El modo actual que tengo de pensar el par Psicoanálisis-Salud Mental, es agregando como tercero: Los Derechos Humanos. Ubicando en el encastre de los tres: El Deseo del Analista.

Javier Aramburu dice: “El Psicoanálisis, su operación, su acto, responde a la misma lógica (la de los Derechos Humanos): El respeto por la diferencia limitada, lo que llamamos síntoma. Nombre también de esa barra sobre el Otro, son, pues, aliados y cuando se los transgrede estamos de luto”

Considerar el par Psicoanálisis – Salud Mental en términos abstractos, sin encarnadura, abordarlos en general, es en el mejor de los casos infecundo.

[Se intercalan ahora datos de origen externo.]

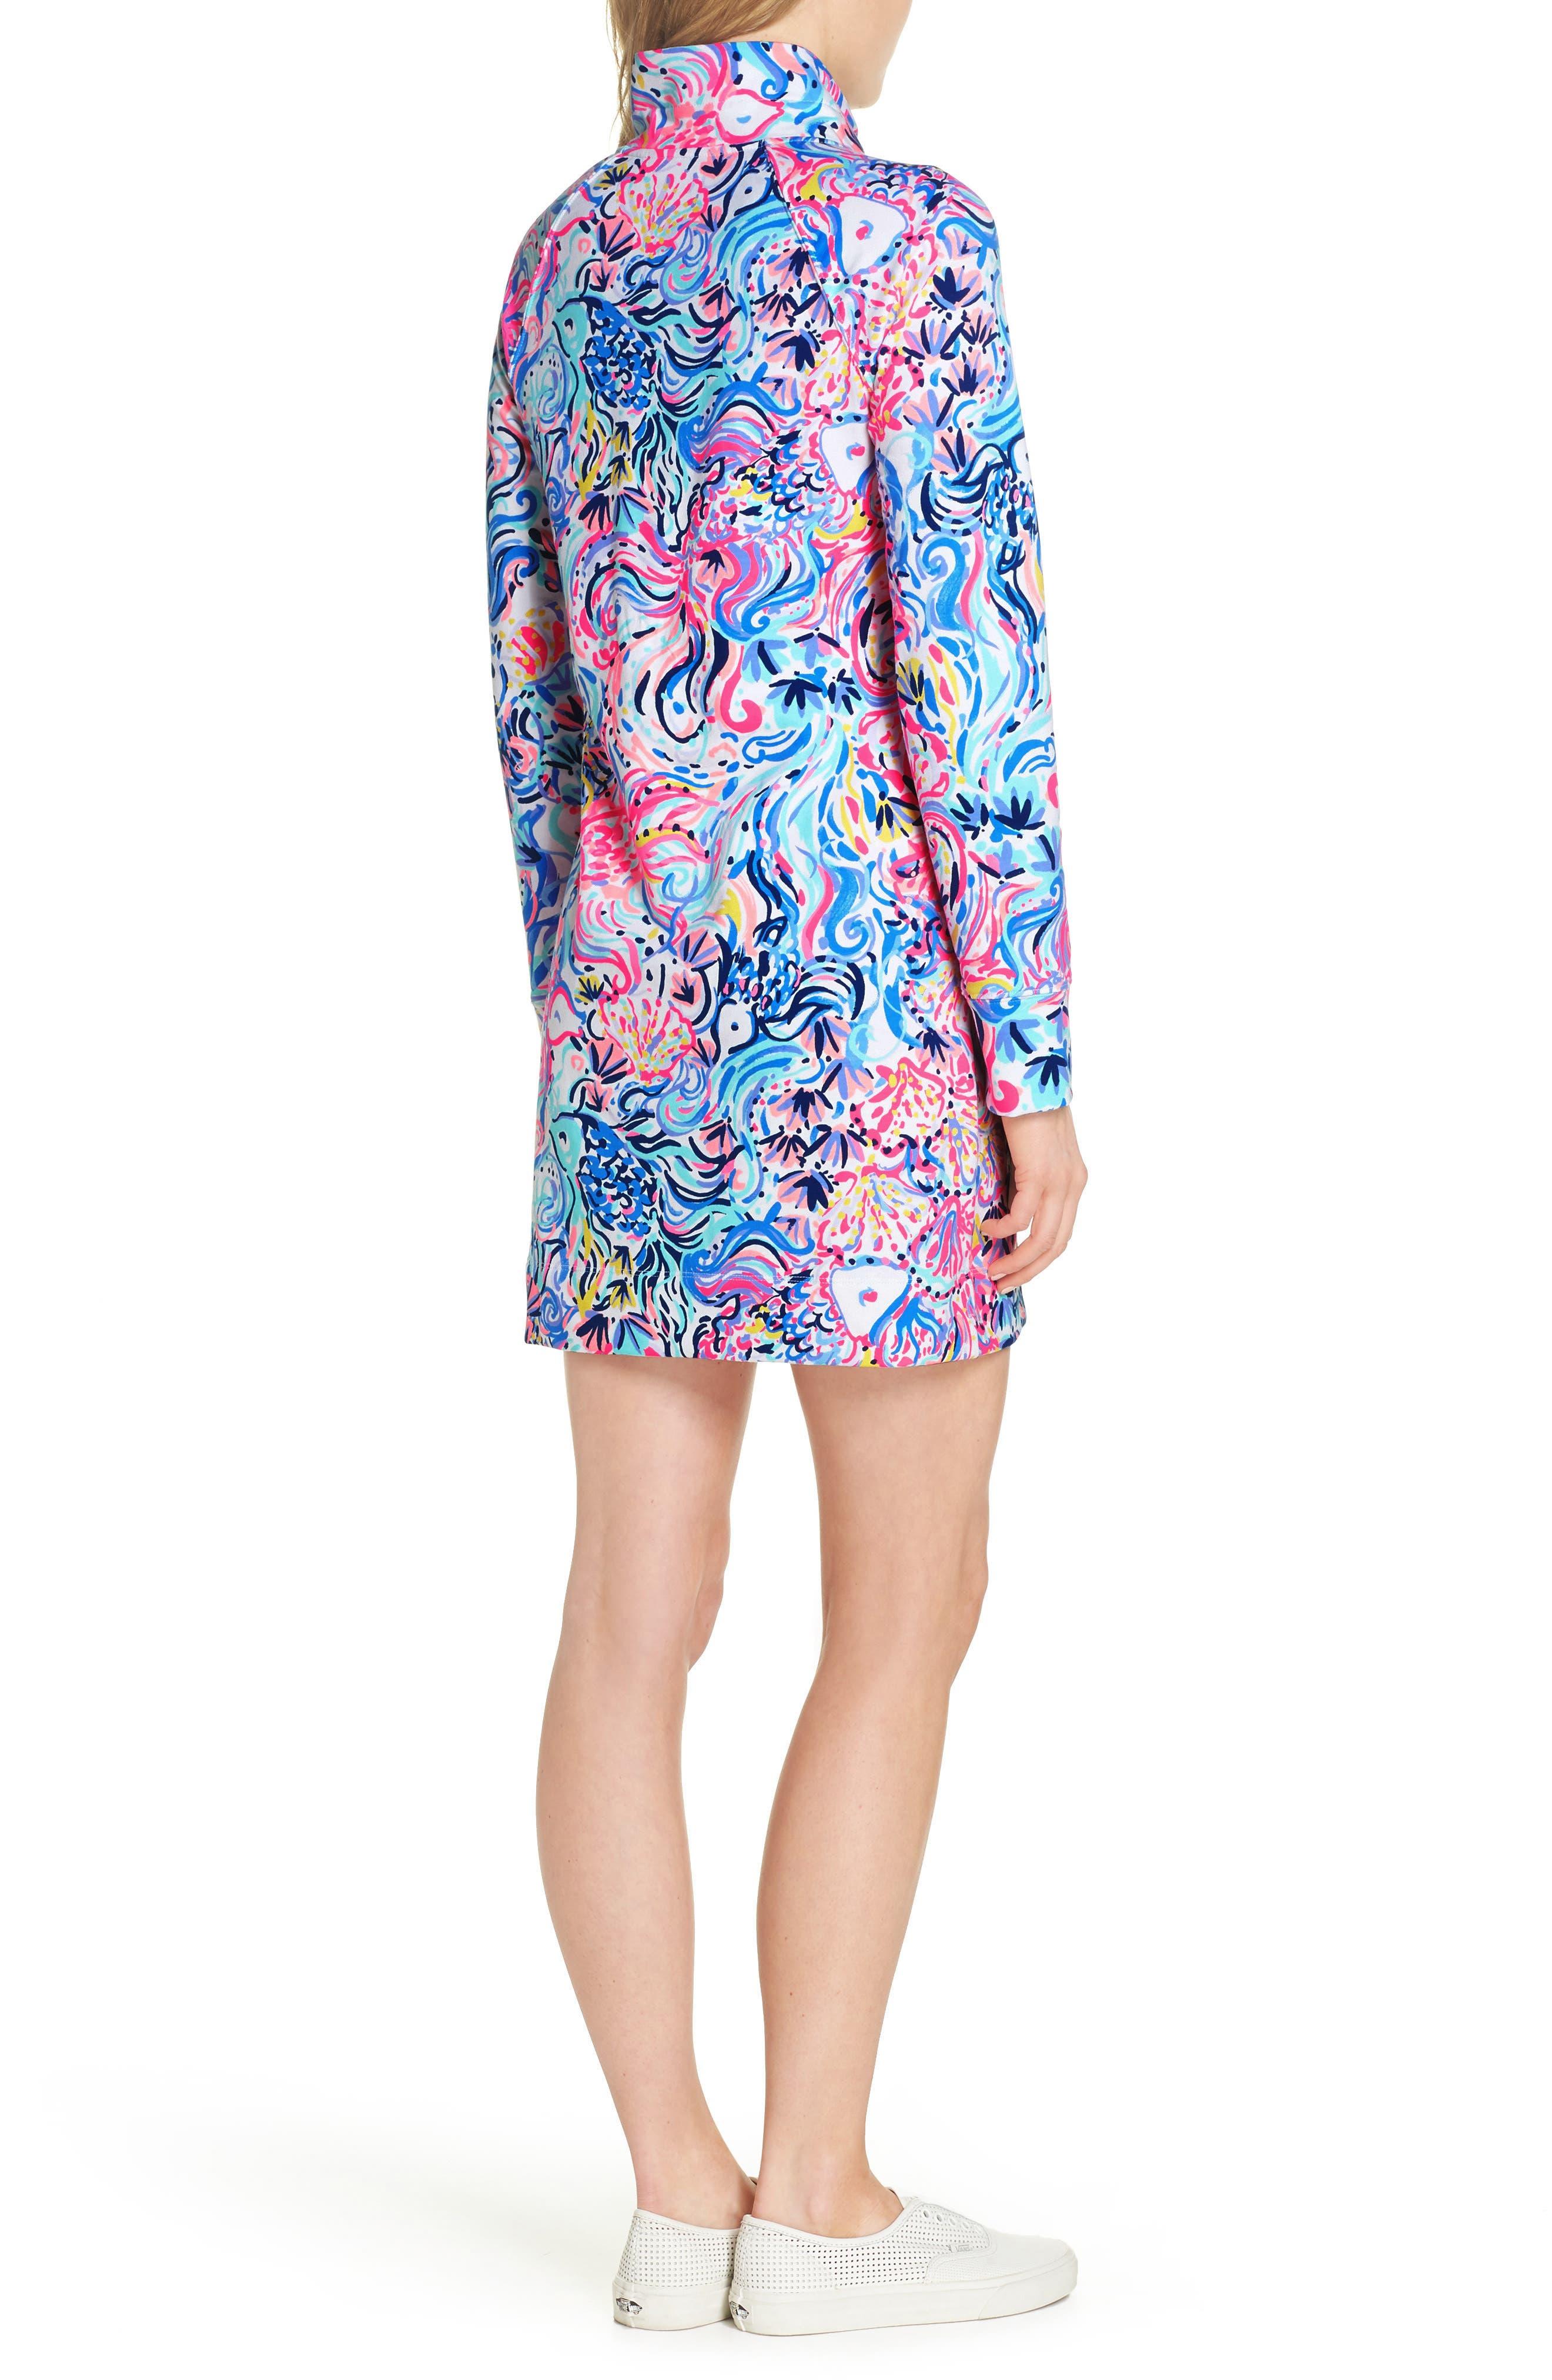 Skipper UPF 50+ Dress,                             Alternate thumbnail 2, color,                             MULTI SO SOPHISHTICATED

Se trata de ubicar primero ¿qué psicoanálisis?, y segundo que se entiende en cada  época  por  Salud Mental, no  se  puede  hablar  de  la  Salud  Mental a-históricamente y decir: es el orden médico, es la paz social, es el orden público, está guiada por el P de Placer a partir de la creencia que el sujeto busca el bien, etc., cuando en verdad, se asienta en los modos en que una sociedad ordena y distribuye el goce, incluidas las representaciones ideológicas de qué es la salud.

La Salud Mental como derecho, es efecto primeramente de los ideales de la Revolución Francesa y adquiere valor de normativa universal a partir de la Segunda Guerra Mundial.

El clivaje interno con el que nace, esto es, la salud como mercancía, ha adquirido en la etapa actual neoliberal, tanto en los países centrales, como más acentuadamente en los periféricos, predominio absoluto.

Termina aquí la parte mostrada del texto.